Machine learning model parameters
At it’s core machine learning is a collection of statistical and mathematical techniques to analyze and draw inferences from patterns in data. The way machine learning models ‘learn’ is by adjusting sets of parameters in order to minimize error and maximize predictive performance. For example, in linear regression, the parameters are the regression coefficients \(\beta\) and the intercept. For neural networks, the parameters are the weights and biases of each neron. In tree based models, the parameters include the collection of tree topologies and their associated leaf weights.
Parameters vs hyper-parameters
While model parameters are learned from the data during training, hyper-parameters control how models learn from the data. For example for xgboost hyperparameters include \(\gamma\) a regularization parameter that controls the cost of tree complexity and \(\textbf{max\_depth}\) which limits how deep each tree can grow.
Hyper-parameters must be specified prior to model fitting, but how to chose the best ones? This is where cross-validation comes in. By splitting the data into training, validation, and testing datasets it’s possible to tune the hyper-parameters on a subset of the data and then fit and evaluate the final model performance against a hold-out data set.
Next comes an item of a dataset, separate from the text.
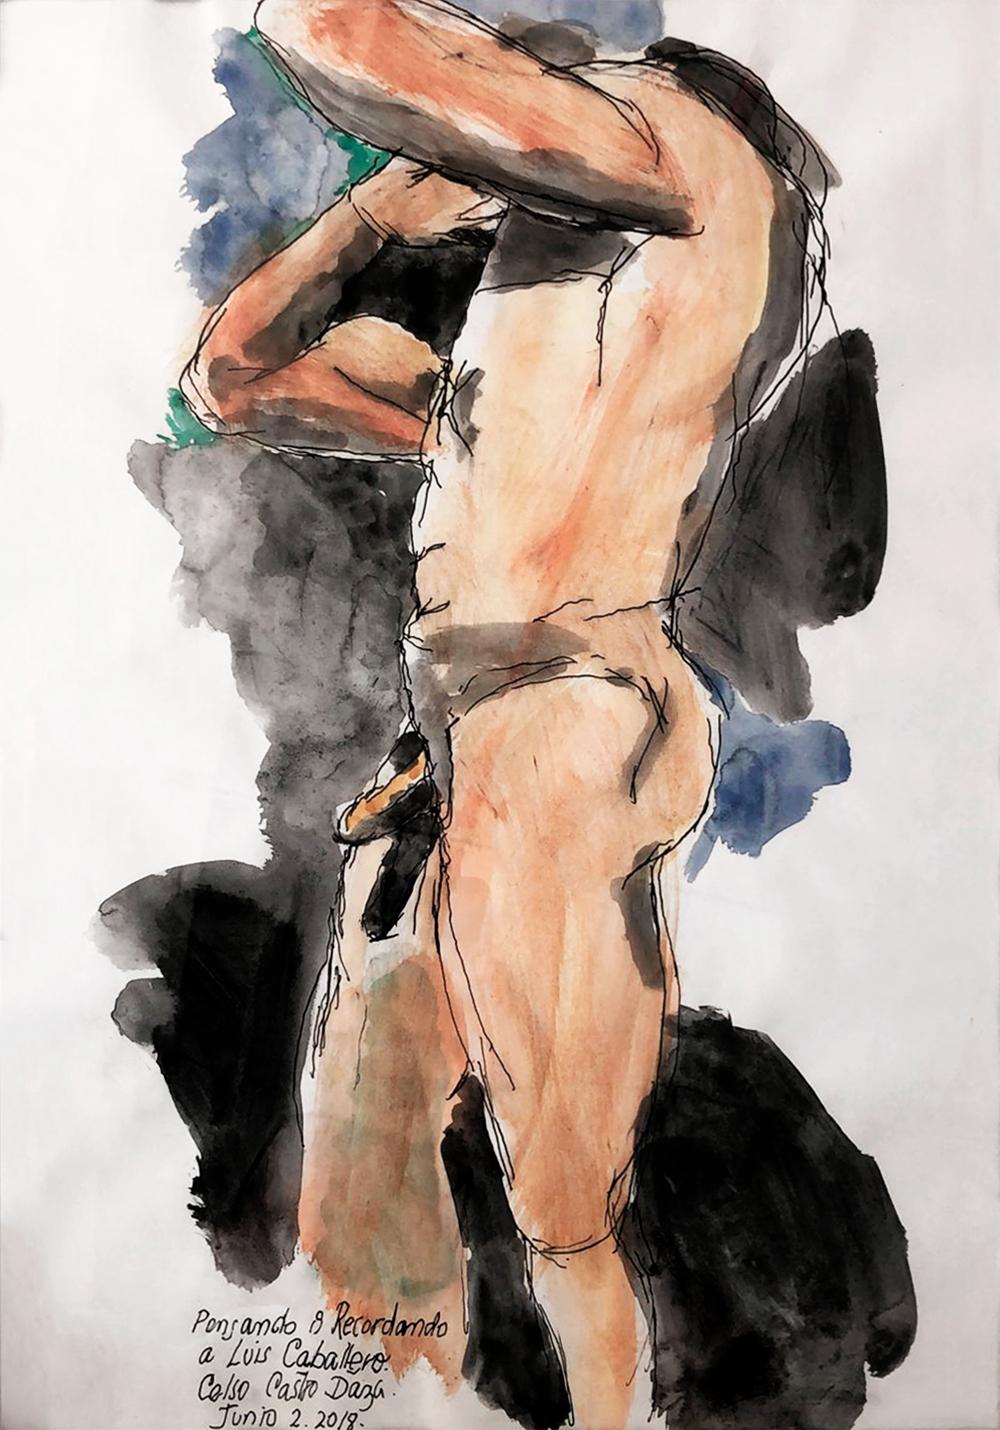 From the Duchándome Nude, Series. Set of 12 Watercolors & Ink on archival paper For Sale 4

Parallel hyper-parameter tuning
Hyper-parameter tuning is an important step in machine learning pipelines. It generally involves fitting a lot of models across a grid of different hyper-parameters in order to find the optimal set. Unfortunately fitting so many models takes a lot computational resources and time. Fortunately the problem is what is commonly known as embarrassingly parallel. That means each of the models can be fit independently and in parallel.
Tidymodels tune_grid()
In the tidymodels package in R,
hyper-parameter tuning is handled by the tune_grid()
function. The
tune_grid()
function can handle parallelism using the
future package in R. However there
are some limitations, for example there isn’t an easy way to monitor
progress. Another problem is that if one of the models stochastically
fails it can disrupt the entire tuning process. Lastly it can be useful
to control whether parallelization occurs over the cross-validation
folds, over the list of hyper-parameter sets, or a cross of both.
Targets dynamic branching
Fitting a lot of models involves orchestrating many different
processes - something that pipeline management tools like
targets are specifically designed
to do. In targets, fitting a lot of models at once can be accomplished
using dynamic
branching. Dynamic
branching sets up a subprocess for each model. Targets can track the
progress of branches as they complete using tar_watch()
and
tar_poll()
and any failed branches can be re-run after tuning
completes by setting error = "null"
within the dynamically branched
target. The pattern
argument in the target can also be used to specify
how branching occurs - mapping over the cross validation folds, the
hyper-parameters, or using cross()
to fit a model to every
combination.
targets and tidymodels
Below is an example targets based tidymodels pipeline. It uses two
custom functions, tune_grid_branch()
and select_best_params
,
within a dynamically branched target to tune the hyper-parameters of a
Bayesian Additive Regression Trees (BART) model. The key target is
bart_tuned
which is set to branch over every combination of
cross-validation fold and hyper-parameter set combination via
pattern = cross(training_data_folds, bart_gridsearch)\
.
tar_target(analysis_recipe, recipe(paste(response_variable, "~ .") |>
as.formula(), data = analysis_data_train) |>
step_naomit() |>
step_string2factor(all_string()) |>
step_novel(all_nominal(), -all_outcomes()) |>
step_dummy(all_nominal(), -all_outcomes()) |>
step_zv(all_predictors())),
# Set up the BART model
tar_target(bart_model,
parsnip::bart(trees = tune(),
prior_terminal_node_coef = tune(),
prior_terminal_node_expo = tune()) |>
set_engine("dbarts") |>
set_mode("classification")),
# Set up the BART model workflow
tar_target(bart_workflow, workflow() |>
add_recipe(analysis_recipe) |>
add_model(bart_model)),
# Set up the hyper-parameter grid search.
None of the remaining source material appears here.